Should India approve weight loss drugs without local data?

The Delhi High Court has asked the Drugs Controller General of India (DCGI) to review the regulatory basis for approving certain weight-loss drug combinations currently being sold in the country.

The direction came in response to a writ petition filed by Jitendra Chouksey, who challenged the approvals of these drugs on the grounds that they were granted without India-specific clinical trials or efficacy data. Argued by senior advocate Diya Kapur, the petition also raised concerns about the broader legal and ethical framework governing such approvals.

According to the petitioner, licences for these weight-loss drug combinations were issued “without conducting India-specific trials and studies” and “not based on adequate data.”

Taking note of earlier representations made to the DCGI and the Ministry of Health and Family Welfare in April 2025, a division bench comprising Chief Justice Devendra Kumar Upadhyaya and Justice Tushar Rao Gedela permitted the petitioner to file a fresh, comprehensive representation. This additional submission is to include documents already placed before the court.

“We find it appropriate to permit the petitioner to approach the Drugs Controller General of India by way of making an additional representation, bringing to his notice the materials and documents submitted to the Court,” the bench noted.

The High Court has directed the DCGI to consider this supplementary representation within three months, and to consult relevant clinical experts and stakeholders as part of the review process. “The Drugs Controller General of India shall accordingly take an appropriate decision in the matter and shall address the concerns raised in the writ petition by the petitioner appropriately,” the order stated.

Weight-Loss Medications Face Regulatory Heat

The court’s directive comes at a time when interest in weight-loss medications—particularly GLP-1 receptor agonists and fixed-dose combinations (FDCs)—is on the rise. Several of these combinations are already being marketed, but their safety has come under scrutiny due to the absence of India-specific clinical evidence.

This isn’t the first time the regulatory framework for FDCs in India has faced questions. In the past, the Ministry of Health banned hundreds of such combinations—ranging from painkillers to cold medications—following expert reviews that deemed them irrational or poorly supported by data. Some of these bans, including those on combinations like paracetamol with nimesulide and ibuprofen with phenylephrine, were upheld by the courts.

Although the High Court has not commented on the legality of existing drug approvals, it has placed the responsibility on the DCGI to conduct a thorough review. The petitioner must submit the supplementary representation within two weeks, after which the DCGI has three months to examine the matter, seek expert input, and take an informed decision.
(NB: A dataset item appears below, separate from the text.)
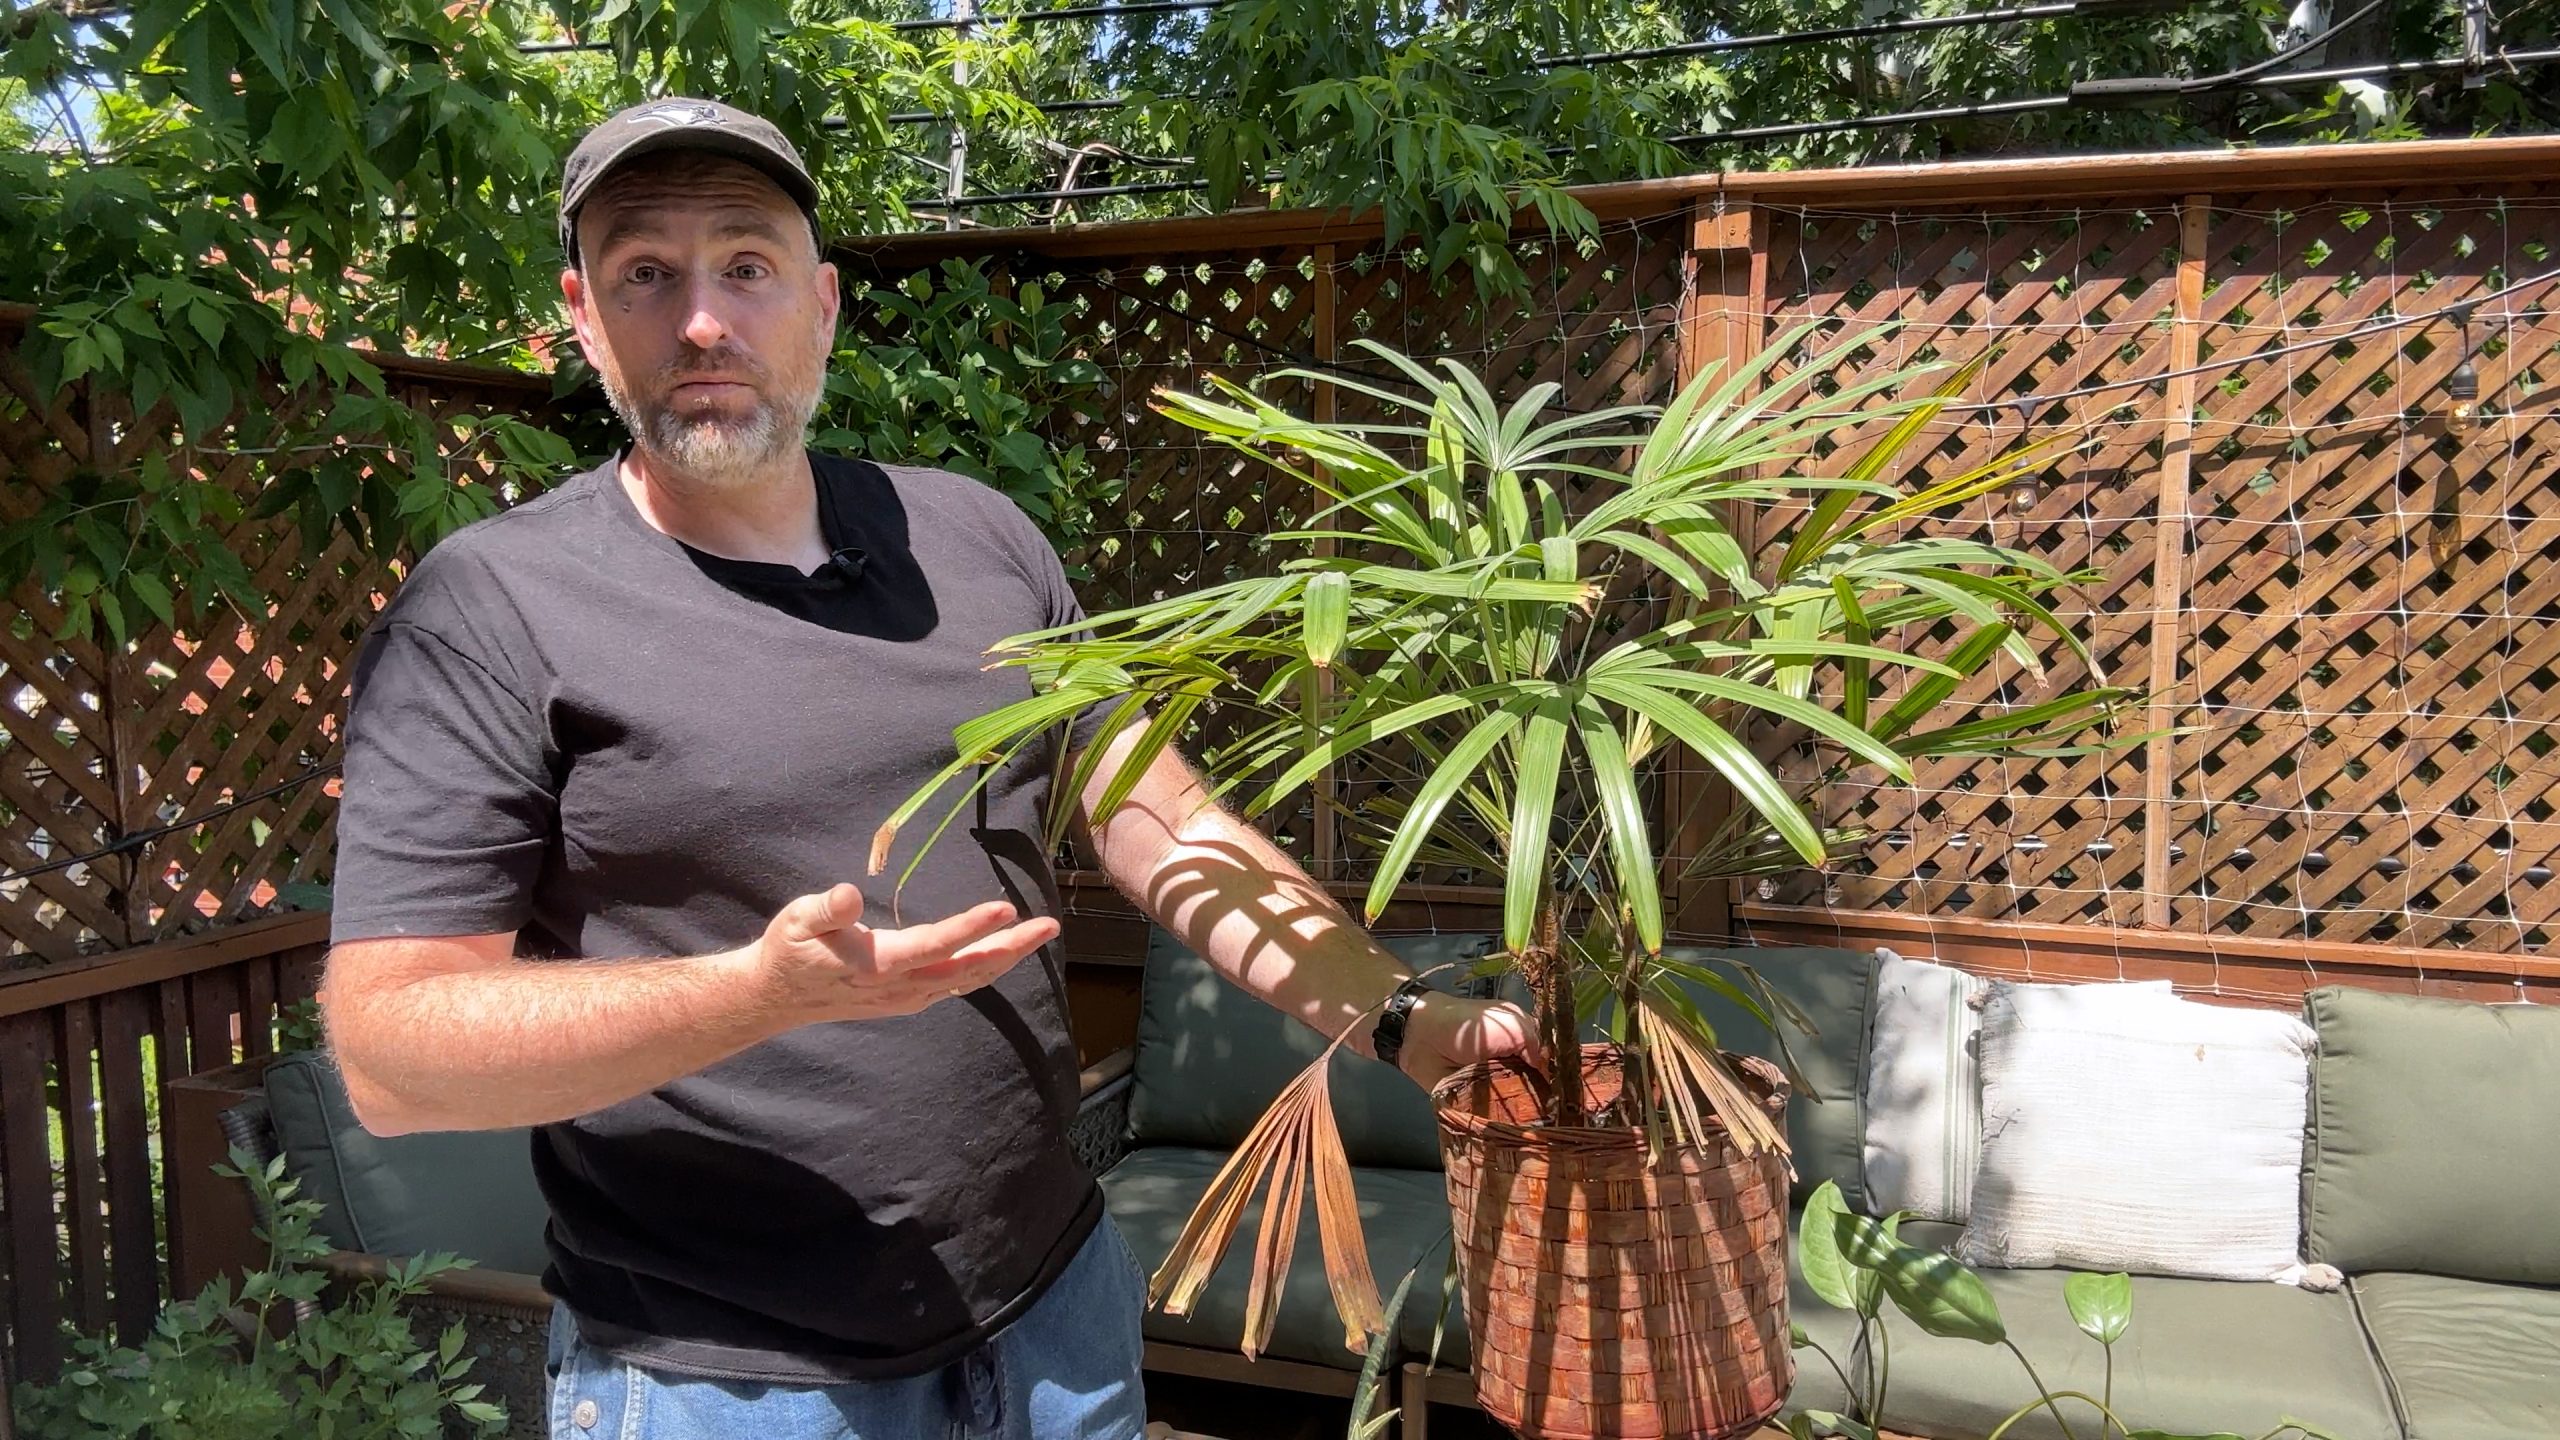 Vendredi vidéo: Sortir ses plantes d’intérieur pour l’été

The petition has now been disposed of, leaving the door open for a regulatory reassessment.

Experts Weigh In: ‘One Size Doesn’t Fit All’
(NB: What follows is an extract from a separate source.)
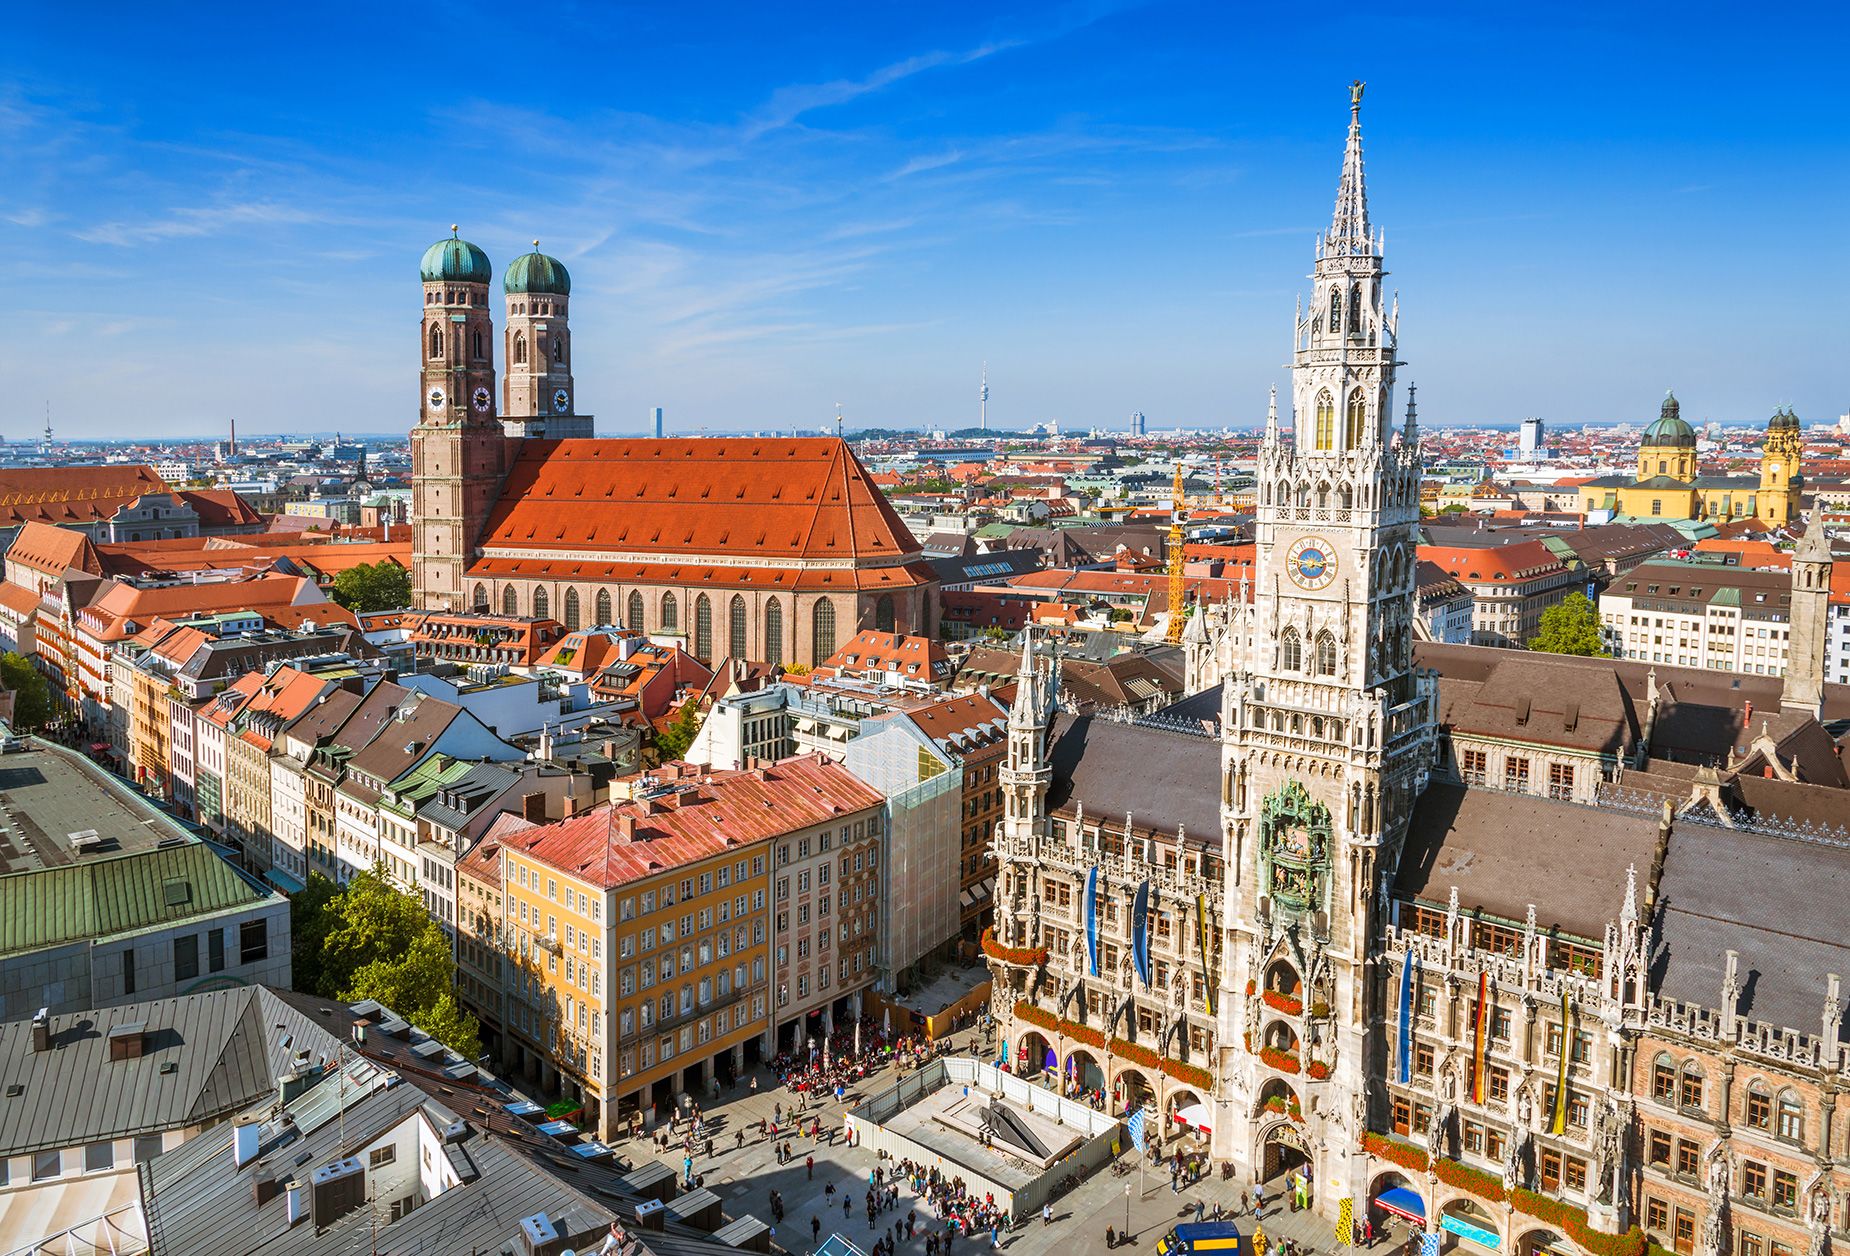 Alemania se considera un país fantástico para las familias. Y visitar sitios históricos como el ayuntamiento en Marienplatz en Munich mantendrá ocupadas sus horas libres. (Nikada/iStockphoto/Getty Images)

The High Court’s directive has reignited debate on whether India should fast-track approvals of globally popular weight-loss drugs without robust local clinical trials.
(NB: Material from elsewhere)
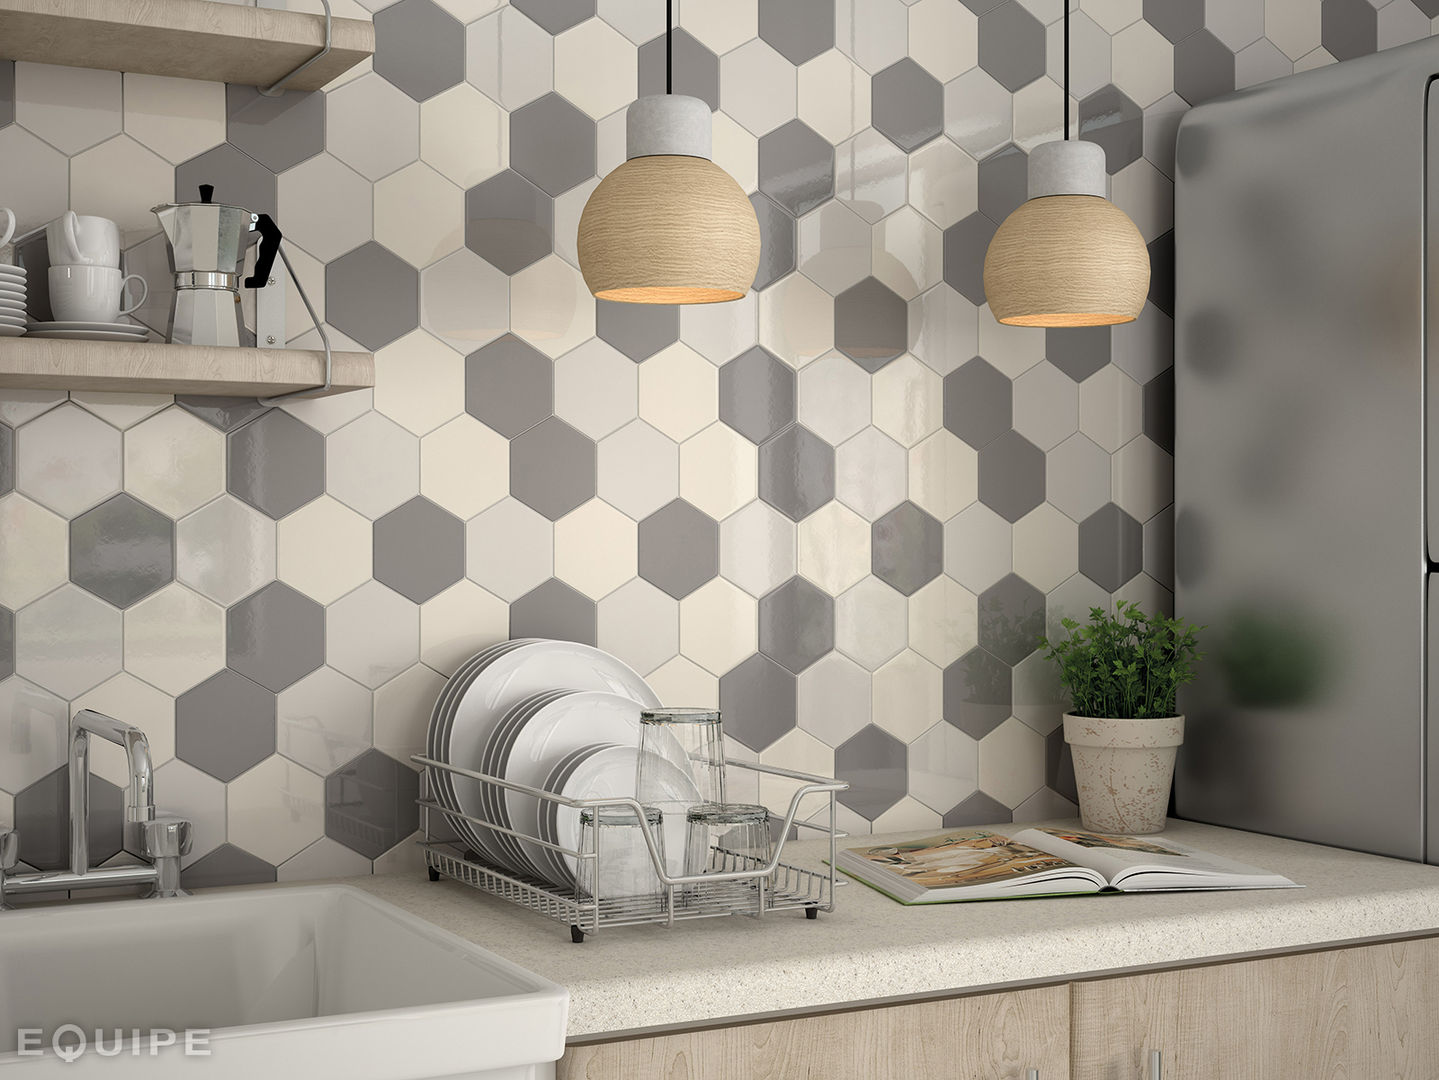 Scale Wall Tile, Equipe Ceramicas Equipe Ceramicas Кухня в стиле модерн Керамика

Dr Sukhvinder Singh Saggu, Director, Minimal Access, GI & Bariatric Surgery at the CK Birla Hospital®, Delhi, said the concern is both timely and valid. “The directive highlights an important issue—the need for India-specific clinical data when approving weight-loss drugs. Given the genetic, dietary, and lifestyle diversity in India, relying solely on international studies is not adequate,” he told Business Today.

He noted that Indian patients often exhibit central obesity and accumulate more visceral fat compared to Western populations. “At a BMI of 27.5, Indian patients already face high risks of diabetes, hypertension, and cardiovascular disease,” Dr Saggu said. “Genetic variability across Indian states can also influence drug efficacy and side effects.”

While drugs like semaglutide and tirzepatide are transforming global obesity care, experts caution against bypassing domestic trials. “Approving drugs based on local evidence will not only improve outcomes but also increase public confidence and regulatory transparency,” Dr Saggu added.

Obesity, he said, is a complex and multifactorial disease. “It cannot be treated with a one-size-fits-all approach. A multi-modal strategy—combining dietary changes, physical activity, behavioural counselling, and, in select cases, medication—is essential.”

Weight-loss drugs, he emphasised, can be valuable for patients who do not respond to lifestyle interventions. “But they must be prescribed with care, and always alongside medical supervision and structured behavioural support. These are not standalone solutions.”